Who Owns and Operates Complete Care At Mercerville Llc?

COMPLETE CARE AT MERCERVILLE LLC is owned by a for-profit company. For-profit facilities operate as businesses with obligations to shareholders or private owners. The facility is operated by COMPLETE CARE, a chain that manages multiple nursing homes. With 114 certified beds and approximately 103 residents (about 90% occupancy), it is a mid-sized facility located in HAMILTON TOWNSHIP, New Jersey.

How Does Complete Care At Mercerville Llc Compare to Other New Jersey Nursing Homes?

Compared to the 100 nursing homes in New Jersey, COMPLETE CARE AT MERCERVILLE LLC's overall rating (4 stars) is above the state average of 3.3 and health inspection rating (3 stars) is at the national benchmark.

What Should Families Ask When Visiting Complete Care At Mercerville Llc?

Based on this facility's data, families visiting should ask: "Can you walk me through typical staffing levels on day, evening, and night shifts?" "Can I visit during a mealtime to observe dining assistance and food quality?" "How do you handle medical emergencies, and what is your hospital transfer rate?" "Can I speak with family members of current residents about their experience?" These questions are particularly relevant given the below-average staffing rating.

Is Complete Care At Mercerville Llc Safe?

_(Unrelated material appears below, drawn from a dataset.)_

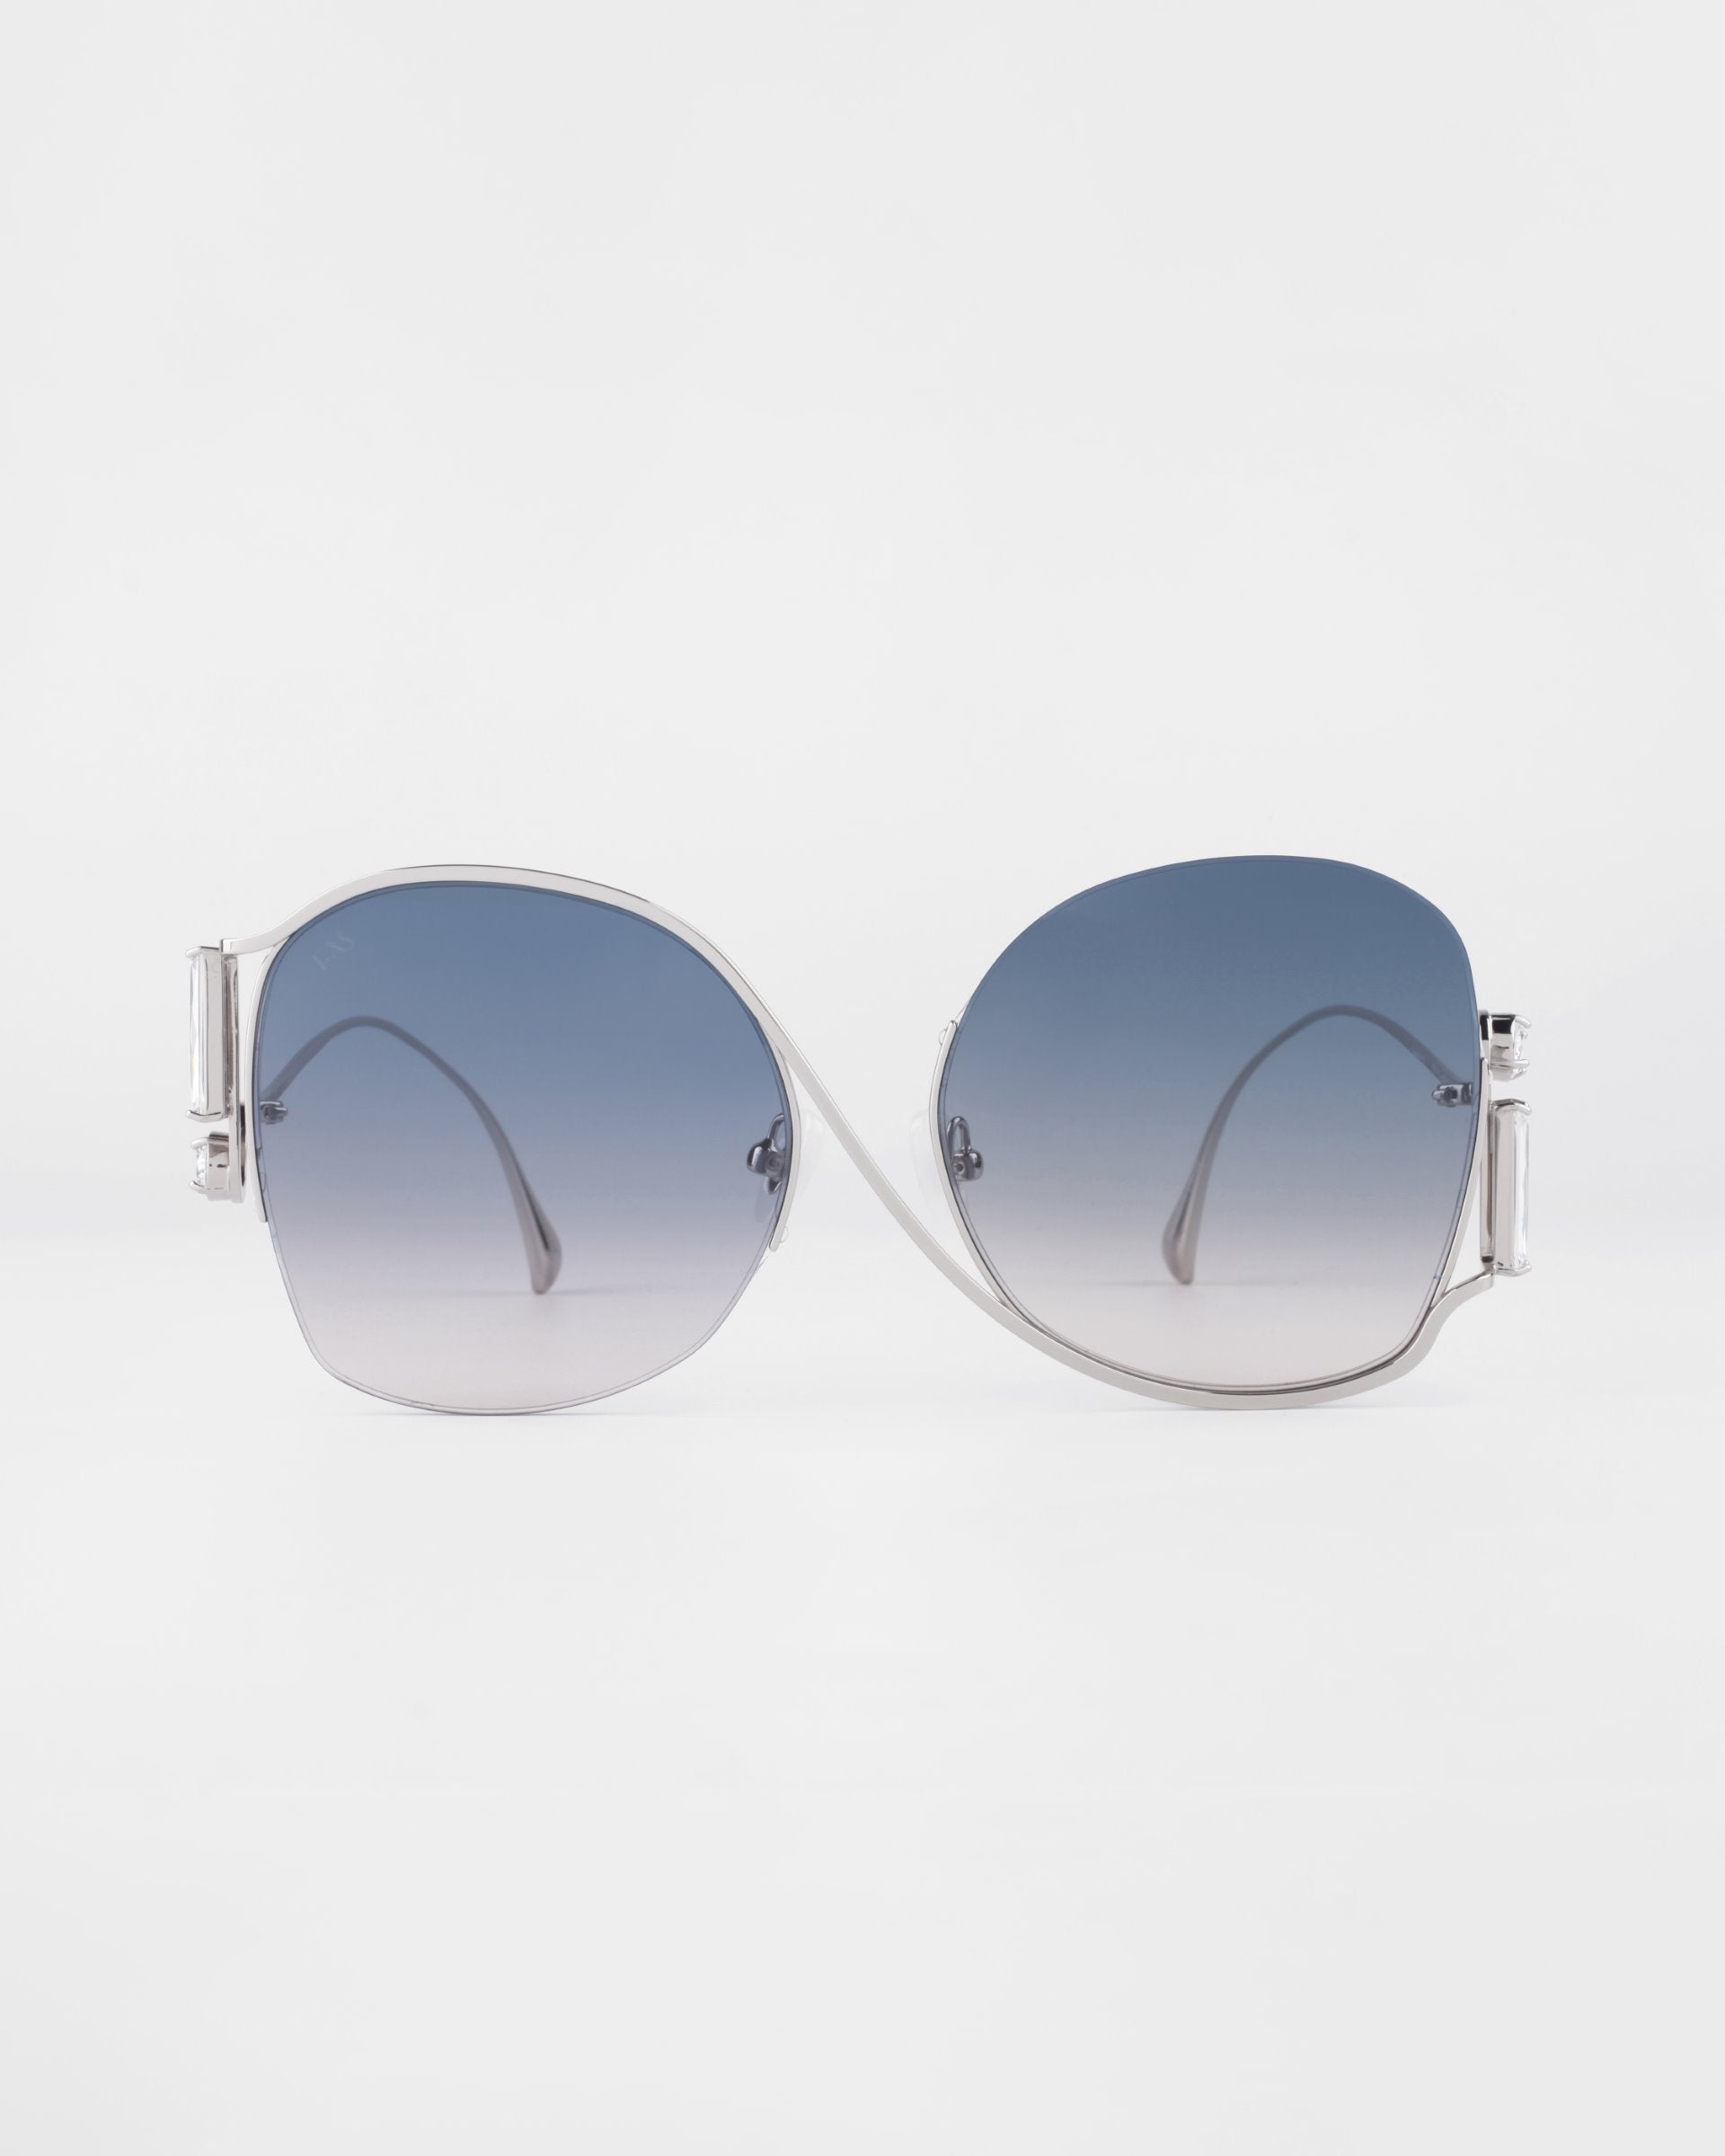 A pair of luxurious For Art's Sake® Sapphire sunglasses with silver frames and large, gradient lenses. The lenses transition from dark blue at the top to lighter shades towards the bottom. Crystal embellishments add a touch of elegance. The background is white, making the sunglasses the focal point.

Based on CMS inspection data, COMPLETE CARE AT MERCERVILLE LLC has a clean safety record: no substantiated abuse findings (meaning no confirmed cases of resident harm), no Immediate Jeopardy citations (the most serious violation level indicating risk of serious injury or death), and is not on the Special Focus Facility watch list (a federal program monitoring the lowest-performing 1% of nursing homes). The facility has a 4-star overall rating and ranks #1 of 100 nursing homes in New Jersey. While no facility is perfect, families should still ask about staff-to-resident ratios and recent inspection results during their visit.

Do Nurses at Complete Care At Mercerville Llc Stick Around?

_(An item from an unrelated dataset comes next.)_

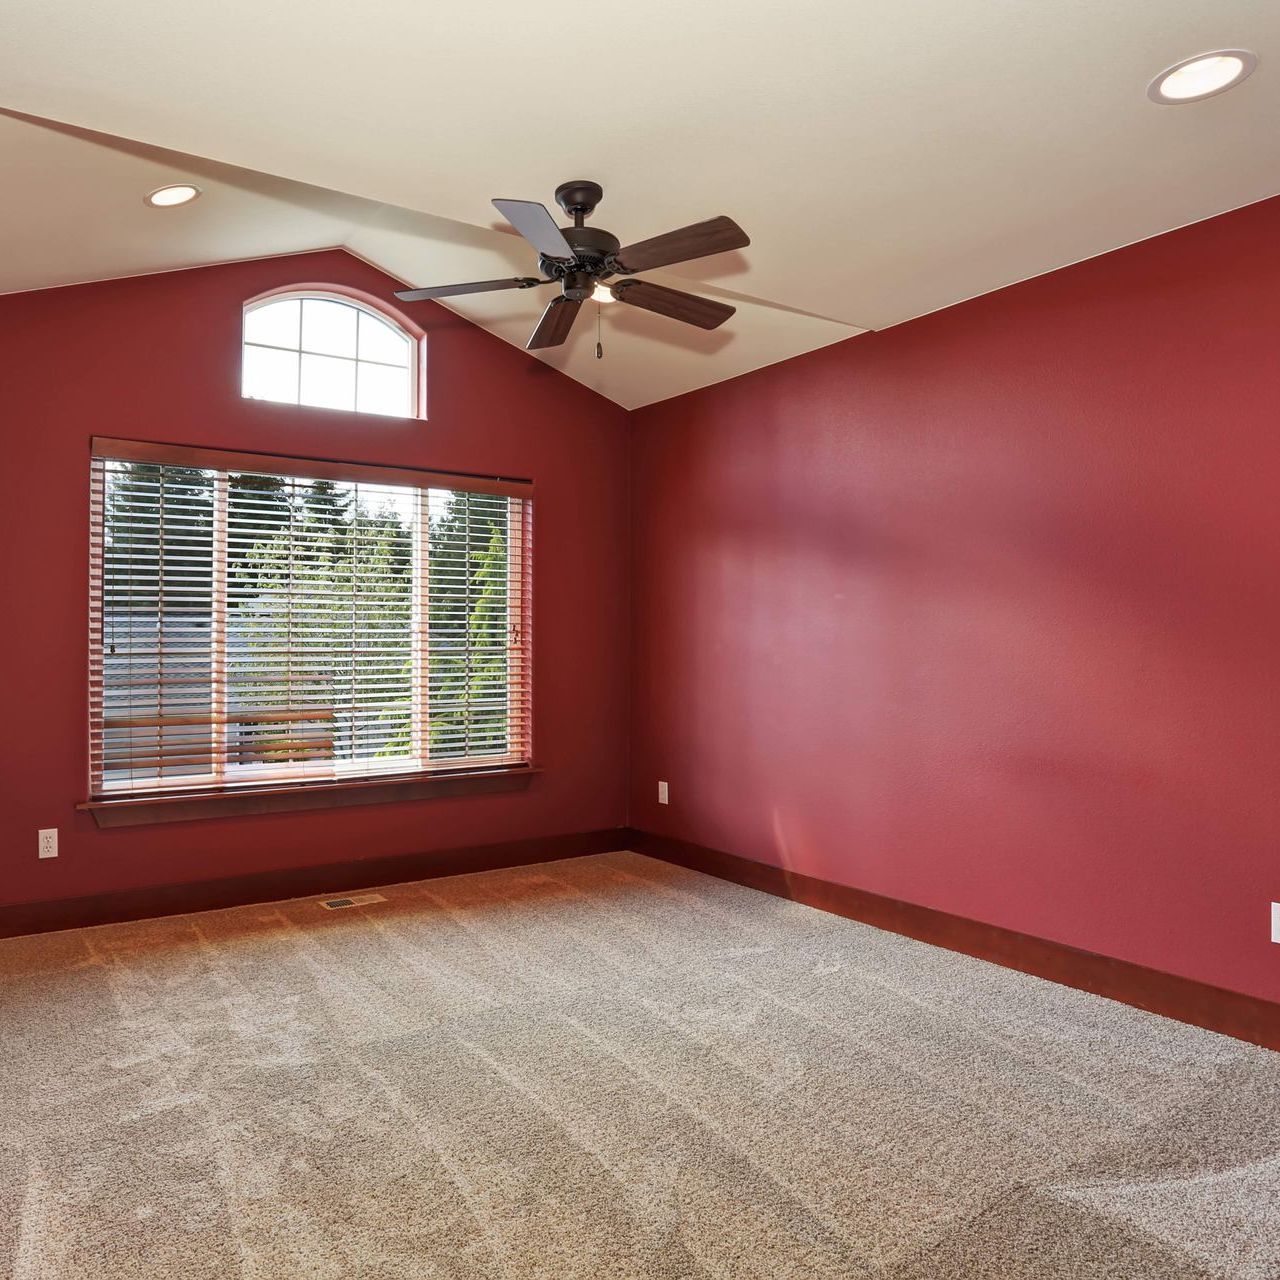 An empty bedroom with red walls and a ceiling fan.

COMPLETE CARE AT MERCERVILLE LLC has not reported staff turnover data to CMS. Staff turnover matters because consistent caregivers learn residents' individual needs, medications, and preferences. When staff frequently change, this institutional knowledge is lost. Families should ask the facility directly about their staff retention rates and average employee tenure.

Was Complete Care At Mercerville Llc Ever Fined?

COMPLETE CARE AT MERCERVILLE LLC has no federal fines on record. CMS issues fines when nursing homes fail to meet care standards or don't correct problems found during inspections. The absence of fines suggests the facility has either maintained compliance or corrected any issues before penalties were assessed. This is a positive indicator, though families should still review recent inspection reports for the full picture.

Is Complete Care At Mercerville Llc on Any Federal Watch List?

COMPLETE CARE AT MERCERVILLE LLC is not on any federal watch list. The most significant is the Special Focus Facility (SFF) program, which identifies the bottom 1% of nursing homes nationally based on persistent, serious quality problems. Not being on this list means the facility has avoided the pattern of deficiencies that triggers enhanced federal oversight. This is a positive indicator, though families should still review the facility's inspection history directly.